Equations for Experiment 7: Beer's Law ✔✔ Absorbance = (Molar absorptivity e) * (the path of light l) *
(Concentration of analyte C)
For the most accurate determination, the absorbance of the samples should fall in the middle of your
calibrated range (~0.5-0.7 absorbance units). What will you do if the absorbance for your sample is
greater than 1.2? Explain the process in detail, including the instruments used. Remember that you must
preserve the precision to 4 significant figures. ✔✔ If the absorbance for your sample is greater than 1.2,
we must consult our TA to determine whether calibration standards should be prepared again or if any
standard concentrations should be adjusted. Because of the relationships seen in the equation for
absorbance (A=ειC), a higher absorbance would result from a higher concentration (considering ε and ι
are constant). To lower the absorbance, a decrease in concentration would be required and the solution
providing the higher absorbance value should be diluted. For this experiment, 501 nm wavelength gave
the highest absorbance value. If it was necessary to decrease this maximum wavelength, lower
concentrations should be used.
Conclusion for Experiment 7: Beer's Law ✔✔ In this experiment, we put Beer's Law into practice while
understanding measurements regarding concentrations and how they relate to wavelength and
absorbance ranges. While comparing different concentrations of solutions, the higher concentrations
had a higher absorbance value, thus proving that absorbance and concentration are directly
proportional.
Purpose of Experiment 8: Spectroscopy ✔✔ The purpose of this experiment is utilize spectroscopy
through observing the continuous and line spectra of different mixtures to determine the wavelengths,
frequencies, and energies of the different mixtures and to identify unknown mixtures. Comparative
observations and measurements will allow the researchers to make connections between observed line
and emission spectra and energy levels.
Procedures for Experiment 8: Spectroscopy ✔✔ Calibrate the spectroscope.
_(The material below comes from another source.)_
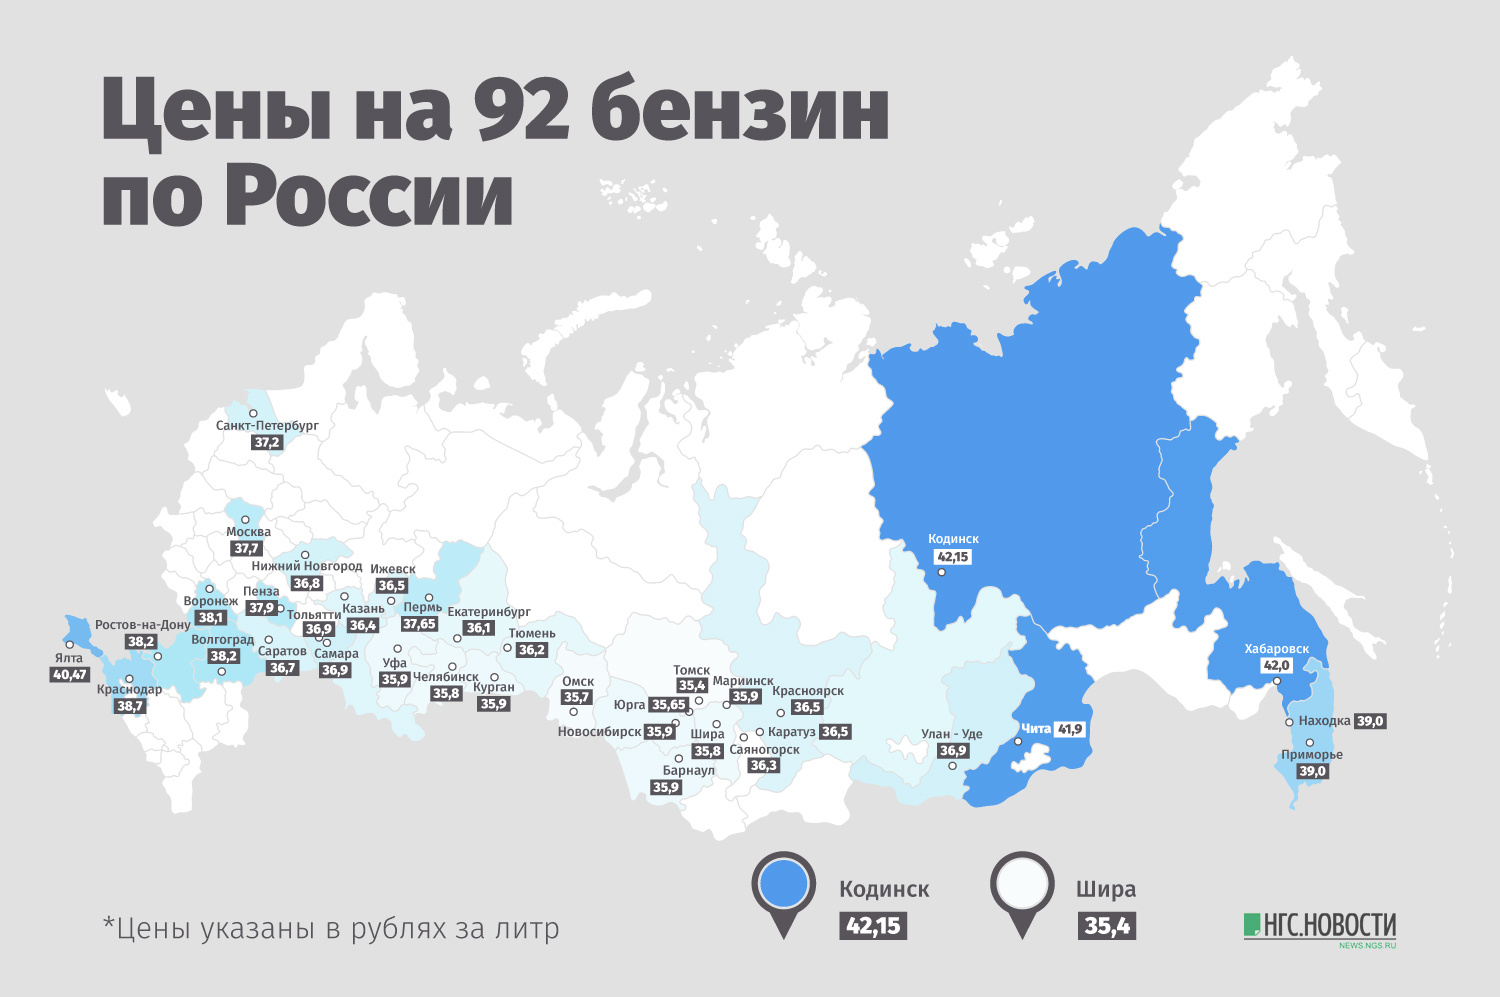 В красноярске сколько будет час. Карта Росси по стоимости бензина. Карта цены топлива в России. Карта России с ценами на бензин по регионам. Карта цен на топливо в мире.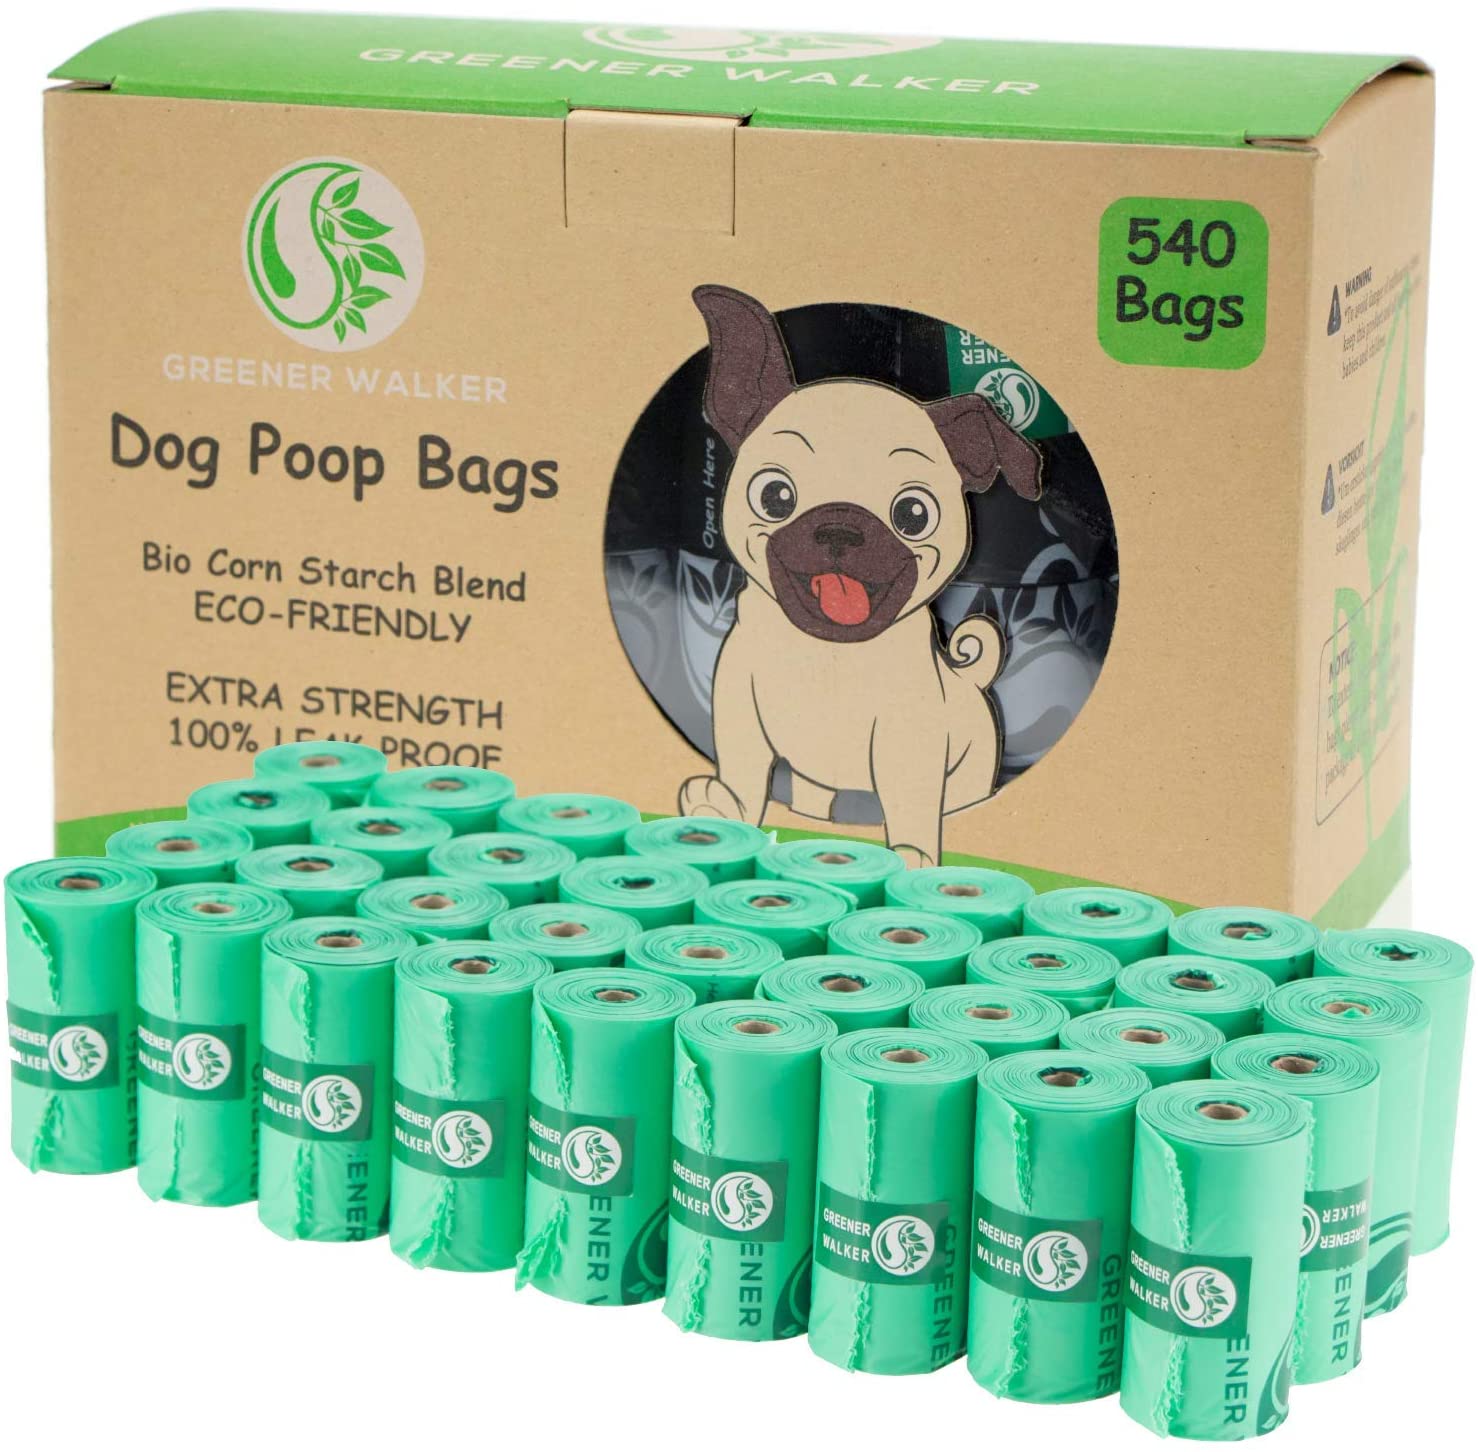  Greener Walker Bolsas para Excrementos de Perro,540 Unidades,Extra Grueso,Fuerte y 100% a Prueba de Fugas Biodegradable Bolsas para Caca de Perro(Verde)

Use the spectroscope to record the spectral characteristics of three sources of light.
Use the spectroscope and spectrometer to determine the line and emission spectra of hydrogen gas.
Use the spectroscope to observe the spectral characteristics of different metals.
Identify an unknown metal from the previously observed spectral characteristics of different metals.